▶ [Study material]:
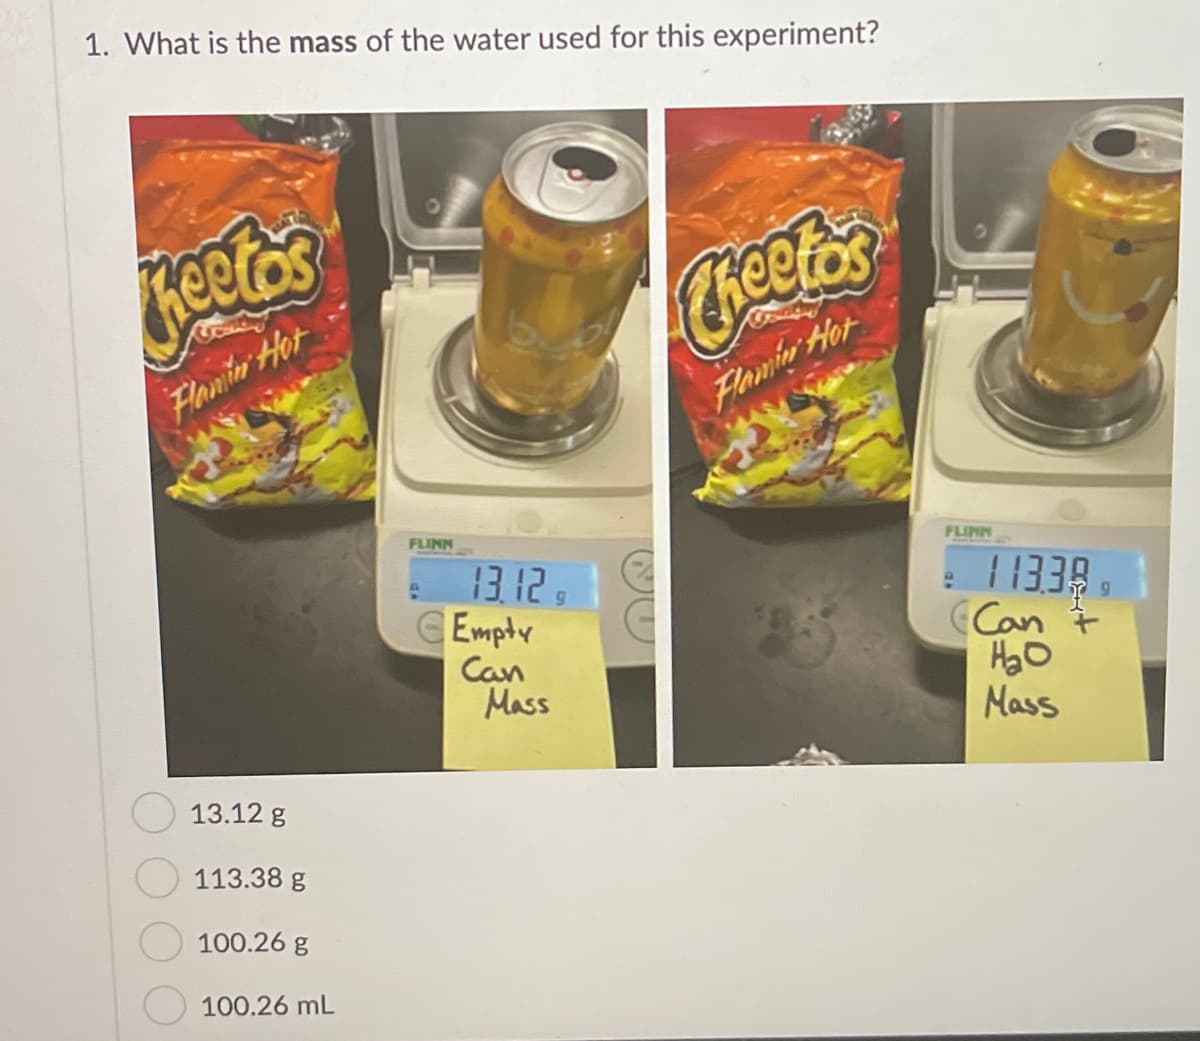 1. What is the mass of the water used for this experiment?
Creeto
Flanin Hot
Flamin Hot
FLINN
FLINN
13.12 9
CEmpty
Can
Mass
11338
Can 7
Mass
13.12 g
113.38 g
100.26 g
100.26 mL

▶ [Goal of the exercise]:
Exactly as written, please copy out the whole set of records, skipping images.

▶ [Exercise response]:
 1. What is the mass of the water used for this experiment?
Creeto
Flanin Hot
Flamin Hot
FLINN
FLINN
13.12 9
CEmpty
Can
Mass
11338
Can 7
Mass
13.12 g
113.38 g
100.26 g
100.26 mL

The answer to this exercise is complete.